Though she appreciates the help from her teammates and her coach in practices, she understands that diving is an individual event, and success usually hinges on one’s mentality, as all eyes are on just the single diver on the board or the platform. Kline’s upbringing, in which she grew up as the oldest of seven kids (spanning 14 years), could hold a key to her success.

Why? Just listen to her answer two totally different questions.

On growing up? “It was fun,” she said. “It’s nice to have people around, and it was never boring. It kind of helped me learn to focus well and tune out things when I needed to study and stuff. So it had its benefits.”

On her approach during a meet? “If you look at the history of my meets, I tend to finish better when I zone out the competition and just focus on myself,” she said.

Taking it a step forward, though, Kline described one of her best feelings ever when she focused on … well, nothing. Going back to her qualifying for NCAAs, she explained how she needed to hit her last dive and how she pulled it off.

“After a dive that I do really well, usually I will come out and ask ‘What was I thinking?’” she said. “Usually, there was nothing. My body was just doing it, which is just the coolest feeling ever.

“Like, last year at NCAA Zones on the 3-meter, I had to hit my last dive – a full out – for 7.5-8’s (scores). I knew that I could do it, but I didn’t think about anything. My body just did it, and I did it for 8s. It’s weird. When you do a good dive, most of the time, you just aren’t thinking. It’s odd, but it’s just a really cool feeling to have that happen, and it doesn’t happen every day.”

For sure, it’s been cool having Logan Kline in Blacksburg. It took a building to help convince her, but Tech and the town of Christiansburg teamed to build it and now the best are coming to this university. She’s been one of the first of hopefully many.

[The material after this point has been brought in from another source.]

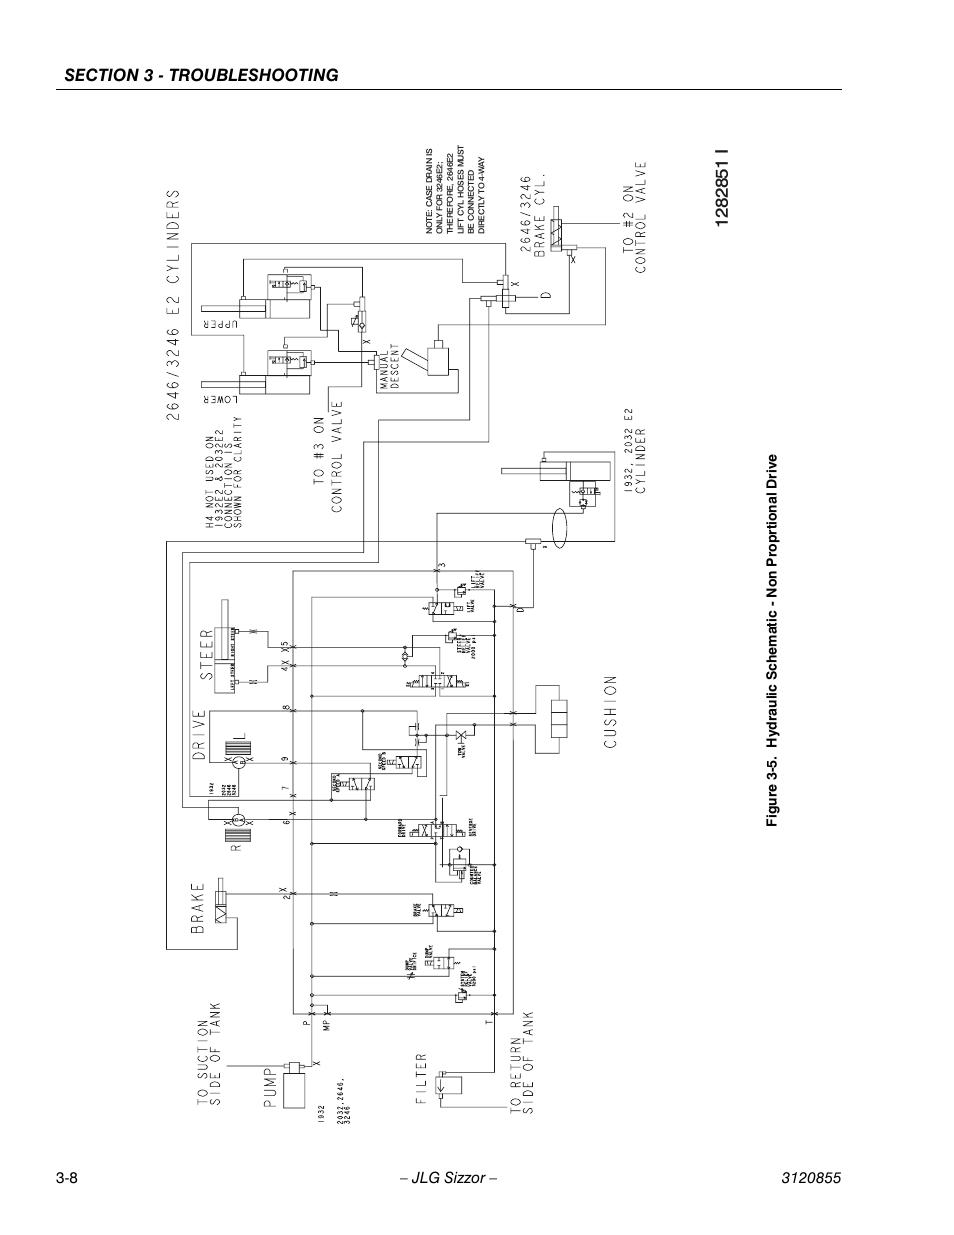 Jlg 2632e2 Wiring Diagram Trusted Diagrams Lull 2032e2 House Symbols U2022

Q: What is your favorite event?

LK: I would say I am most consistent on the 1-meter, for sure, but I do like to compete in the 10-meter. I just feel less pressure up there, and there’s no board movement, which I get nervous about in the meets.

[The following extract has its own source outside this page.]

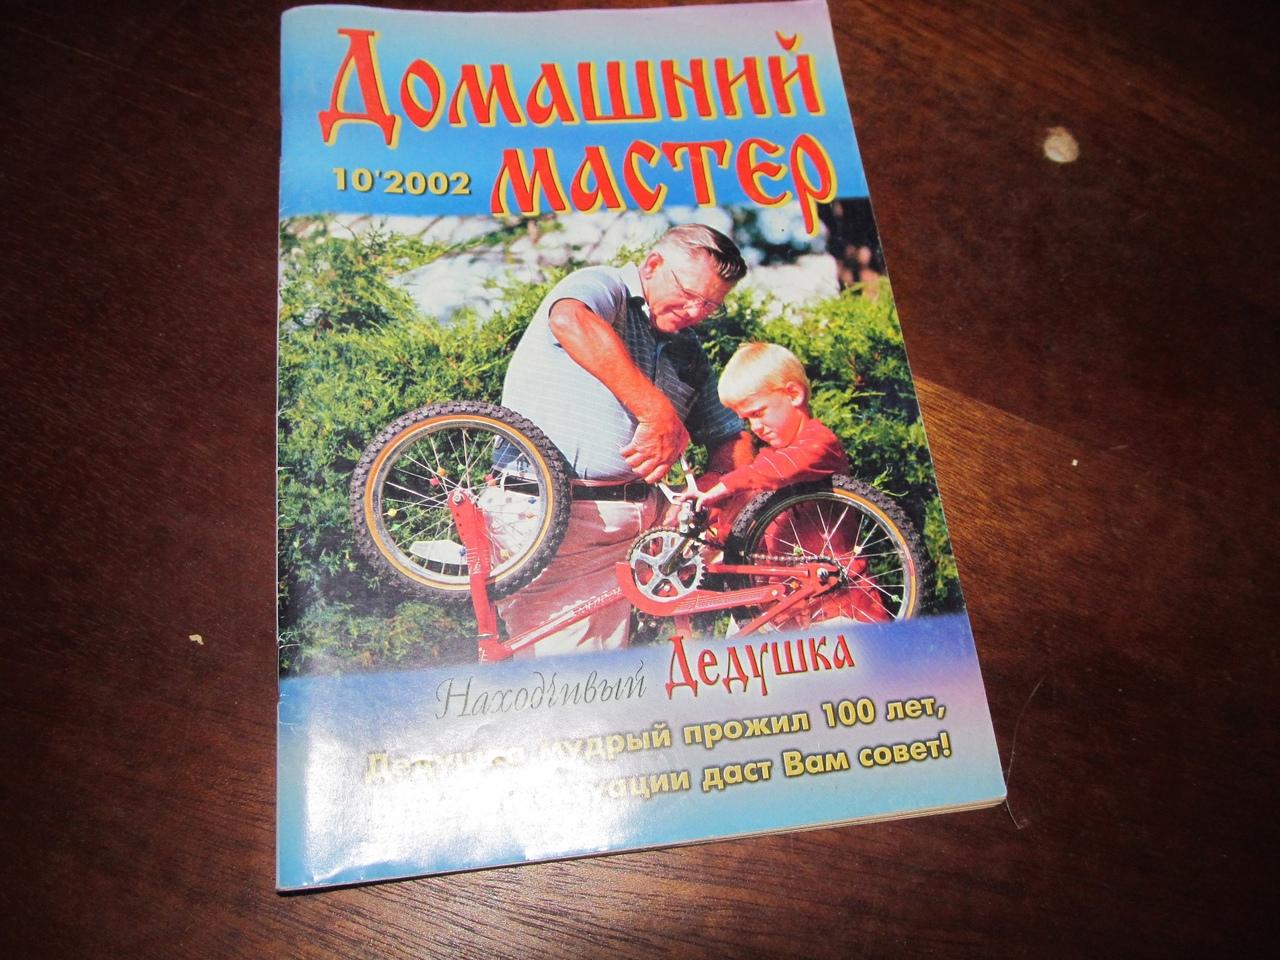 3)Домашний Мастер. Находчивый дедушка №10 2002  Цена 40 грн.

Q: Do you have any pre-meet rituals?

LK: I always repaint my toenails before a meet, just so I can look down when I’m waiting to go. So they look pretty. It’s usually pink, a hot pink color. It might be weird, but I tend to do that.

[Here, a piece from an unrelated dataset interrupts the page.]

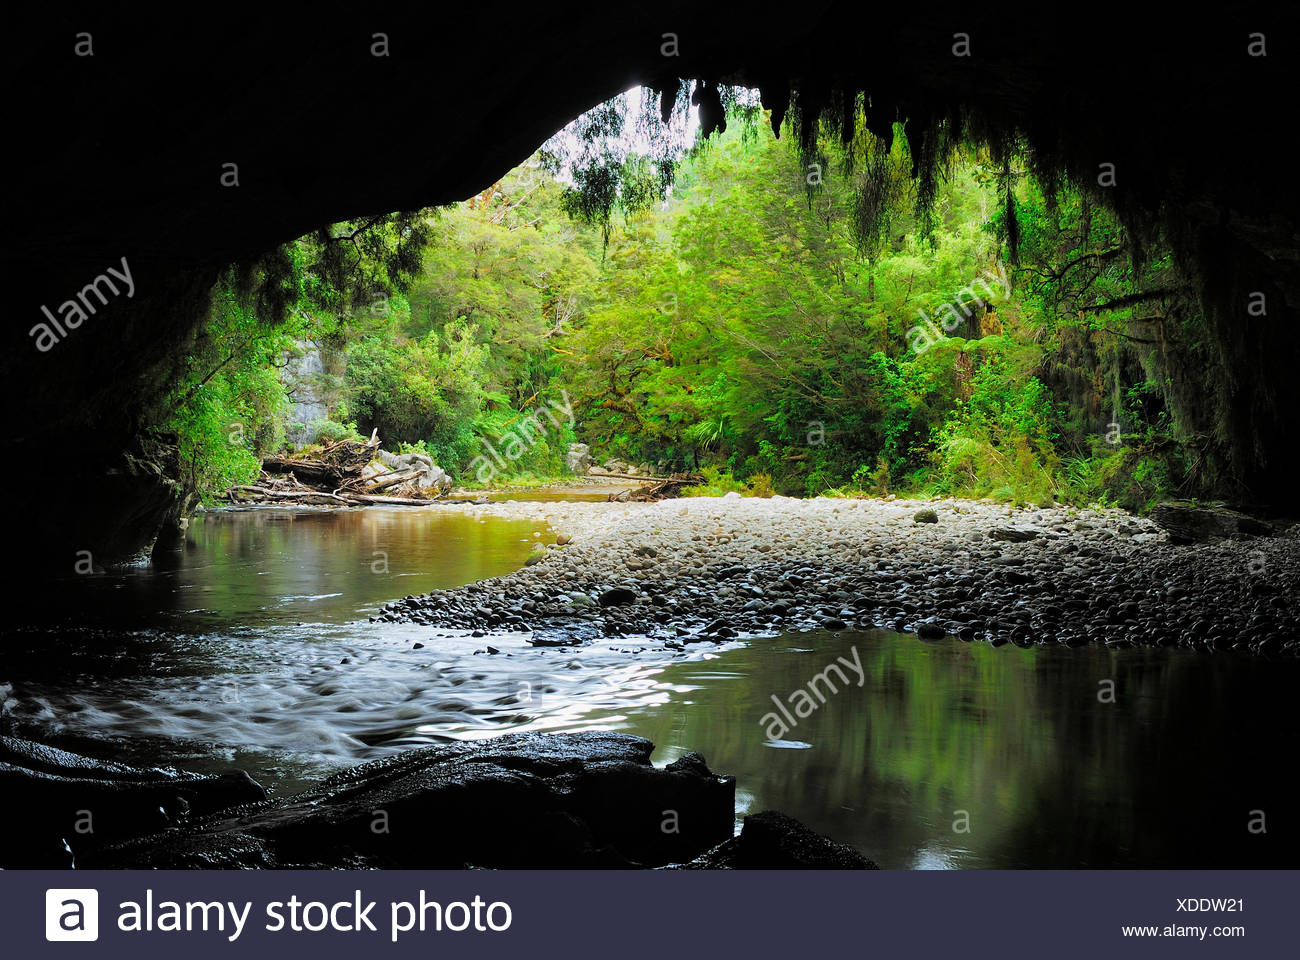 Moria Gate Arch and Oparara River, New Zealand, Southern Island, Kahurangi National Park, Oparara Basin Stock Photo

Q: Do you eat anything special before a meet?

LK: Yeah, I used to really like bananas, but I couldn’t tell you the last time I ate a banana. But I do like to have peanut butter, take a bite here or there. I don’t like to eat full meals before a competition, so it’s just nice to have something to give me a little bit of energy before a meet.

Q: Do you enjoy any other sports?

LK: I played tennis for a little bit, just because my mom did that. Actually, if I hadn’t been a diver, I feel like I would have been a tennis player. I’m not sure if I am tall enough, but I would have liked to have played that.

Q: What’s your plan after this season?

LK: I’m doing a fifth semester because want to go to med school to be a dermatologist. I wasn’t really ready to apply and start next fall. So I will apply this summer, and I think I’m going to apply early decision to Kansas. The med school is actually in Kansas City, so it’s right where I live.